Allen: So if shareholders vote and say, “Yes, this is something we want to look into,” what would the timeline be? How long would we get final word on “These are the results of what they found as they’ve looked into this”?
Bahnsen: Yeah, there’d be a certain degree of flexibility on that. We’d be asking for it in less than a year, but there’s no reason it would need to take that long. Part of it would depend on how cooperative they were. Once the shareholders approved the resolution, how vigilant would management be at making sure it was done right.
So I don’t know exactly how long it would take. I would imagine, for a company of their size and complexity, you wouldn’t want it done in less than a few months, and there’s no reason it would need to take more than a year. So let’s put that somewhere between six and nine months.

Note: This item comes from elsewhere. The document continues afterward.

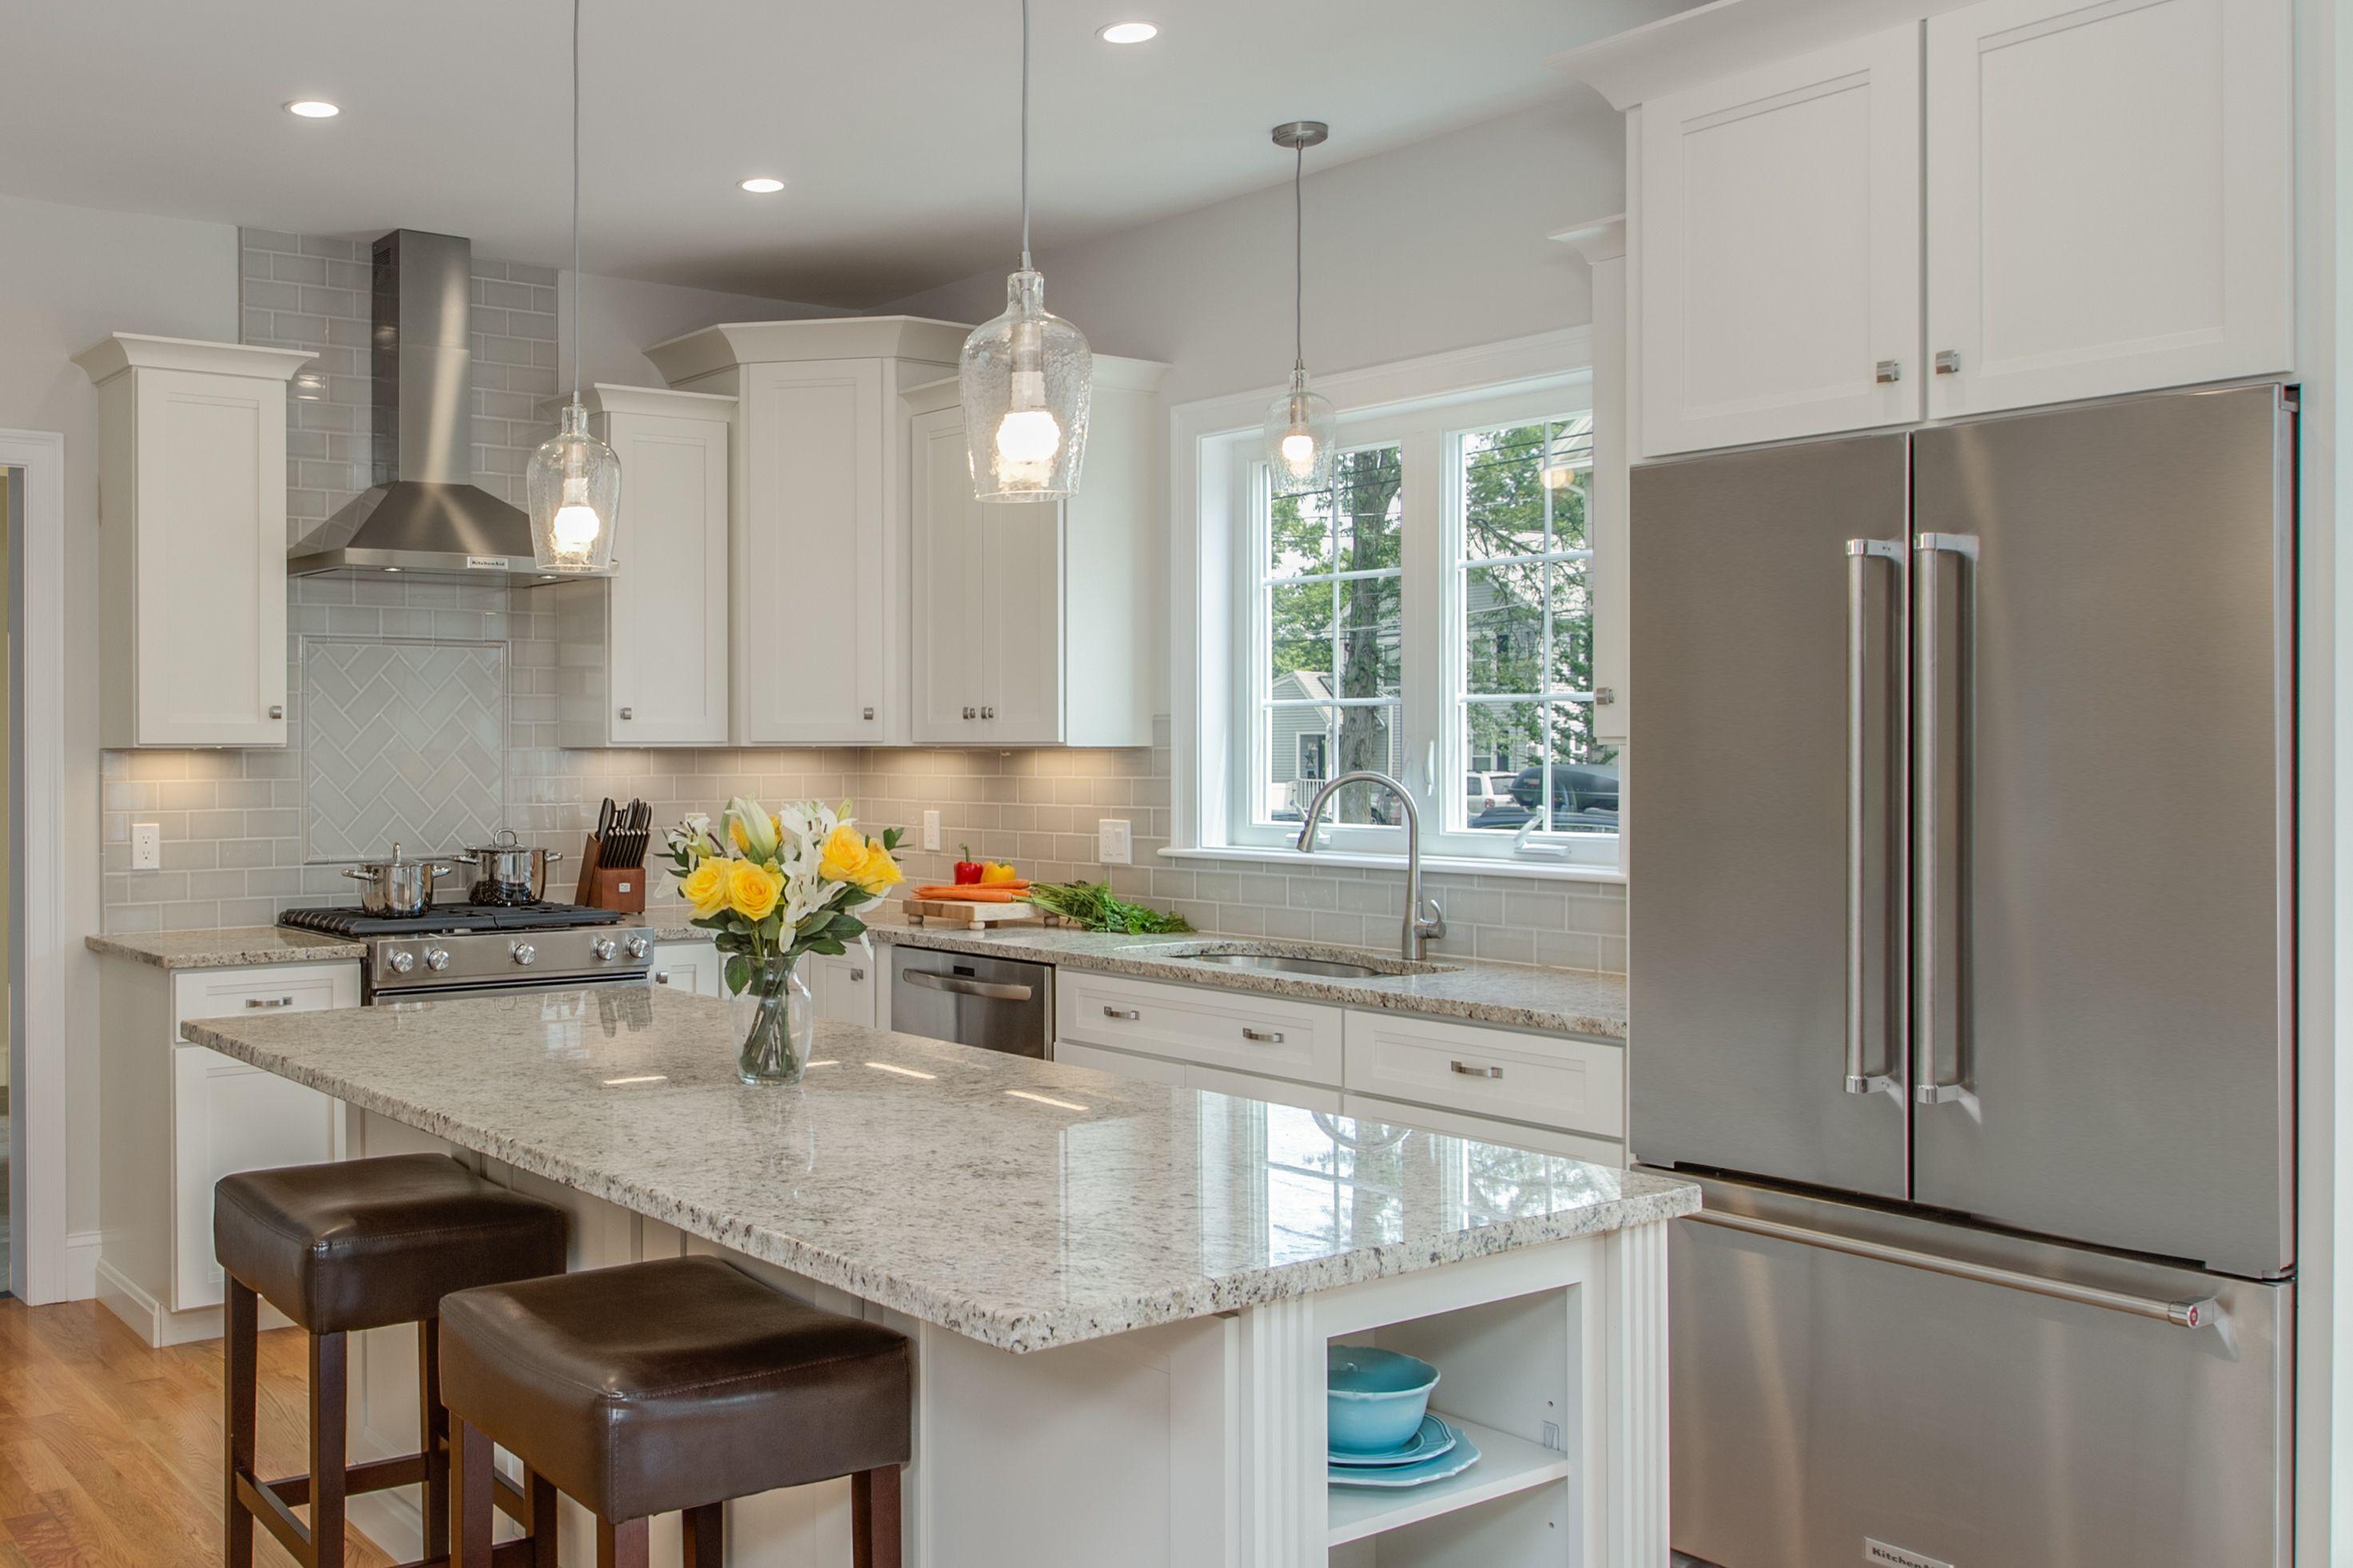 Alpine White Cabinets By Echelon Whitekitchen Cabinets Shaker Style Cabinet Doors Shaker Style Cabinets White Shaker Kitchen

Allen: Well, we’re going to be following this as it moves forward, but David, before we let you go, I want to ask you, is there a commonsense piece of financial advice that you would give Americans, that you think most Americans don’t necessarily understand?
Bahnsen: Yeah, as far as their own personal finances, not macroeconomically or governmentally or whatnot, yeah, this isn’t very complicated, but I don’t think most people understand it.
I volunteered to teach economics to a local Christian high school in Newport Beach, California, that I helped to start. And I tell these kids, “W equals P minus C. W equals P minus C. Wealth equals production minus consumption.” And I don’t think it’s any more complicated than that, that we need to view wealth not as dollars. There are countries that have far more units of currency than ours does that are nowhere near as wealthy.
Wealth is the production of goods and services that meet the needs of humanity, that enhance the quality of our lives. And the more we are producing, relative to what we’re consuming, the wealthier we become.
So for people’s own individual lives, that is equally true, just as true as it is for countries or whole societies. And I think people that focus on greater production, we’re living in a time that has a very low view of work. People wanting to basically work from home all the time, work three or four days a week, complain about retirement extension. The whole issue in France around extending their version of social security. A lot of people didn’t return to work after COVID. Wealth equals production minus consumption, and I think it’s the No. 1 most important financial truism in our lives.
Allen: Excellent. Mr. David Bahnsen, thank you so much for your time.
Bahnsen: Thank you so much. Really enjoyed being with you.